The last two United States Presidents - Jimmy Carter and Ronald Reagan - get a poor report card for their efforts to use foreign trade as a means of punishing the Soviet Union.
Actions by both men, says a new report by the Congressional Office of Technology Assessment (OTA), failed to hurt the Soviet economy in any meaningful way, but it did disrupt the Western alliance and caused American exporters to lose important markets.
''In fact,'' the OTA says, ''although such calculations are highly uncertain, the (economic) sanctions may have done more damage to the US economy than the Soviet economy.''
The report comes at a time when the issue of foreign trade is under sharp scrutiny and debate:
* High unemployment in the United States and Western Europe is prompting a surge of demands for protection against imports.
* The West's seven leading industrial powers are about to meet at Williamsburg, Va., for an economic summit meeting shadowed by allied trade disputes. Top officials of the US, Canada, Europe, and Japan are now meeting in Paris to hammer out, if possible, common ground on economic issues before the May 28-30 meeting.
* Renewal of the Export Administration Act is before Congress. The White House would revise and renew this act, which expires in September, with greater authority to be placed in the President's hands to deny sophisticated US technology to the Soviets.
As if to illustrate the point of the OTA report, Agriculture Secretary John R. Block says that before Mr. Carter canceled contracts for 17 million tons of US grain exports to Moscow, American farmers held about 70 percent of the Soviet grain import market.
Today, although President Reagan lifted the embargo, the US share of the Soviet market has dropped to no more than 30 percent, according to Mr. Block. Other grain-exporting nations, principally Argentina, stepped into the breach and now command much of the Soviet market that the US once enjoyed.
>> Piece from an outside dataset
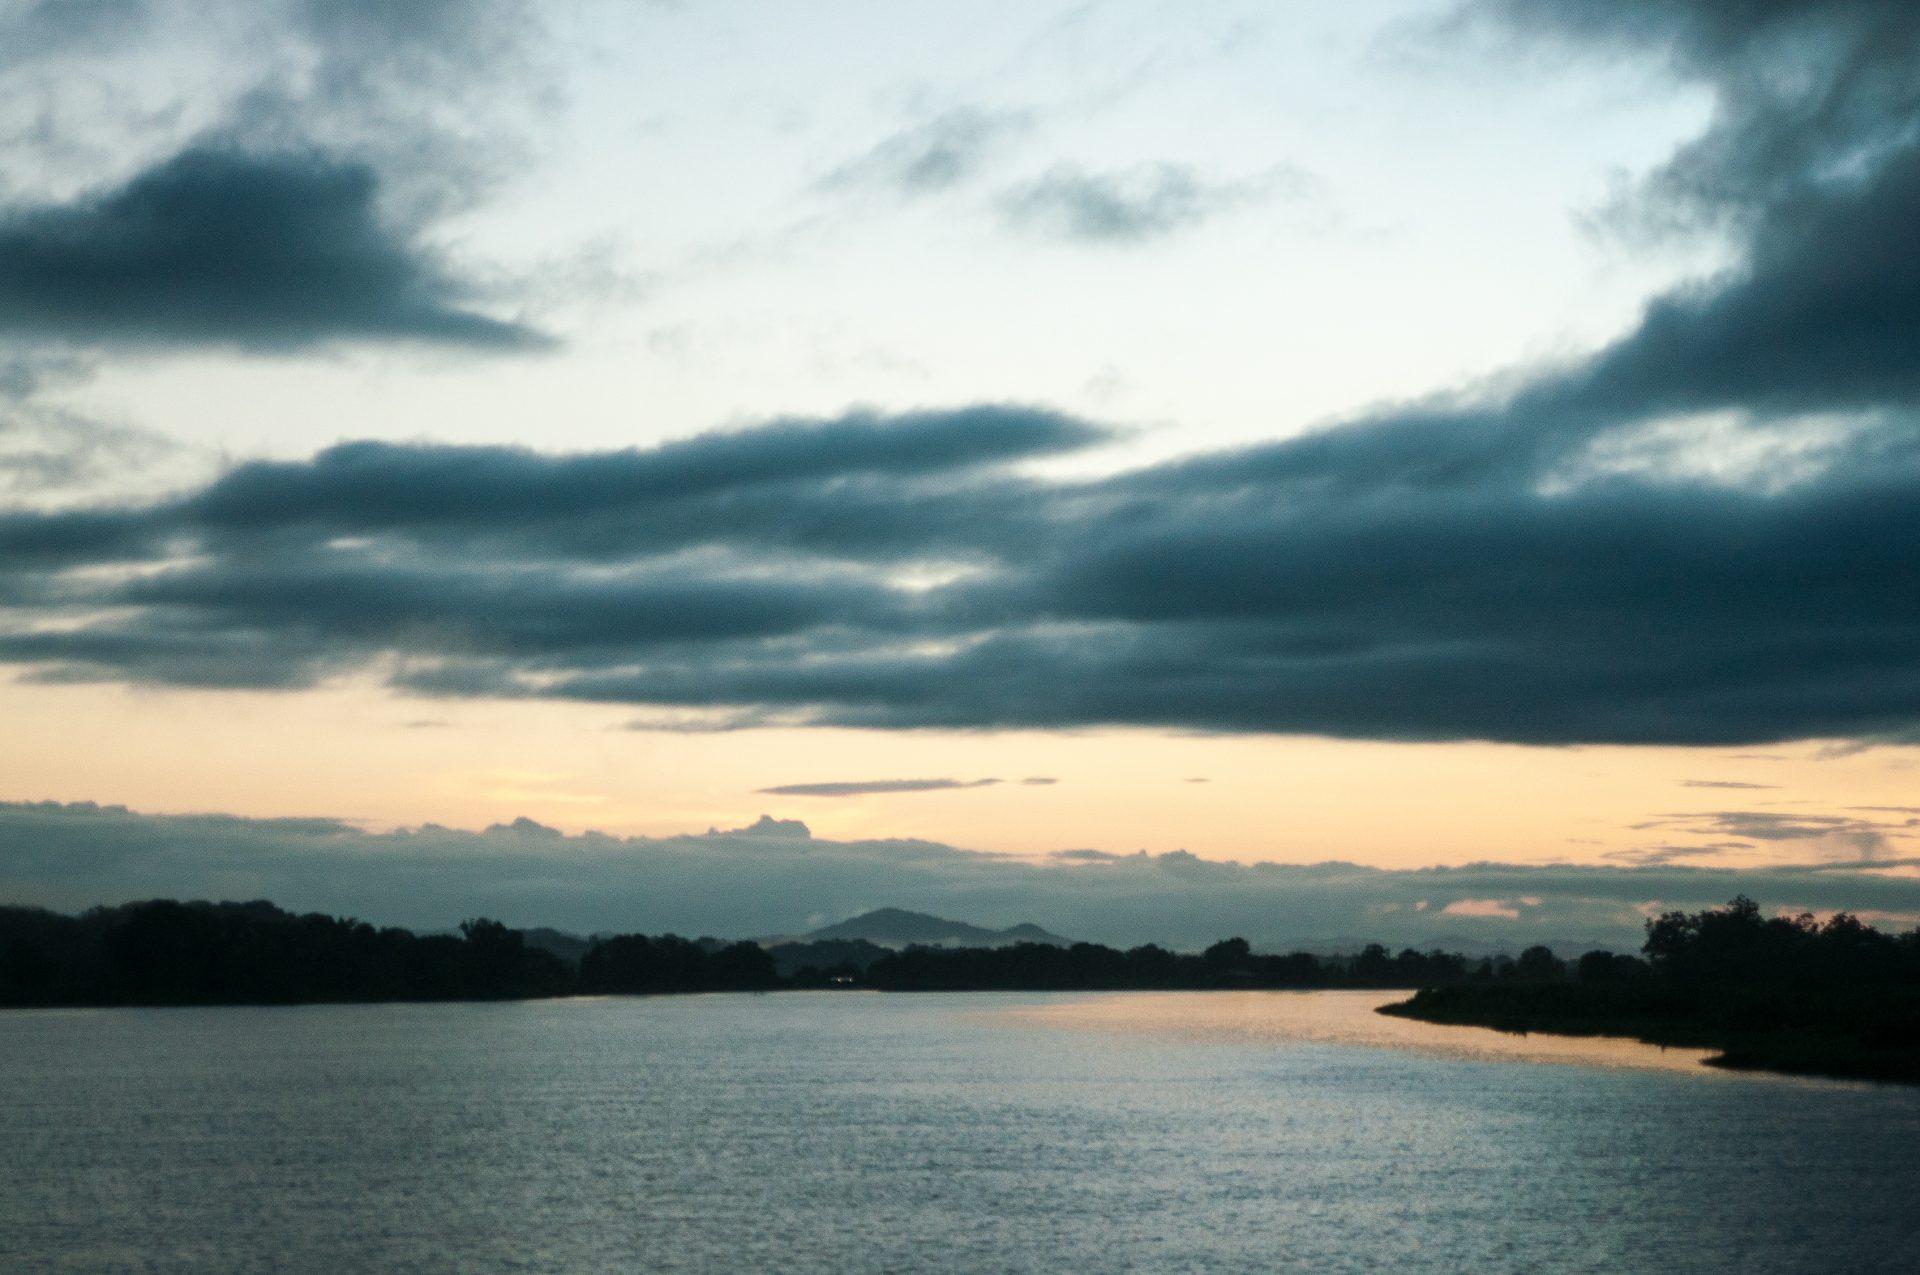 Rio san juan lever soleil

Carter's embargo was designed to punish the Soviets for their 1979 invasion of Afghanistan. Reagan, angered by the Soviet-backed repression of the Solidarity trade-union movement in Poland, took a different tack. He banned the export to the Soviets of gas-pipeline technology, either by US companies or their licensees overseas, to hamper construction of a mammoth natural gas pipeline being built to carry Soviet gas to Western Europe. One US firm, the Caterpillar Tractor Company, lost a major contract for pipelaying machines, which the Japanese promptly supplied.
More broadly, the British, French, West German, and Italian governments all accused the White House of trying to extend its export authority into their sovereign domains. A sharp quarrel within the alliance ended only when Reagan - after patient spadework by Secretary of State George P. Shultz - lifted the sanctions.
But the damage lingers, according to the OTA report, partly in the damaged reputation of the US as a reliable supplier of exports to other lands.
The OTA notes that trade with the Soviet bloc is much more important to Japan and Western Europe than it is to the US. Thousands of European jobs were created by Soviet pipe and machinery orders for the Siberian gas pipeline. ''Their future trade relations with the USSR will be shaped more by domestic imperatives and worldwide economic forces than by US concerns,'' says the report of Japan and Western Europe.
One area of major concern to the White House is the transfer of Western technology to the Soviets. ''The US and its allies,'' says Undersecretary of Commerce Lionel Olmer, ''simply must curtail the flow of strategic technology to the Soviet Union. This administration views this as a very high priority.''
The Export Administration Act, Mr. Olmer told Congress, should ''tighten strategic controls at the top of the technology spectrum and reduce controls at the lower end.''
Reagan would be required under the act to negotiate agreements with friendly nations to honor US export restrictions - a goal the OTA concludes would be very hard to achieve.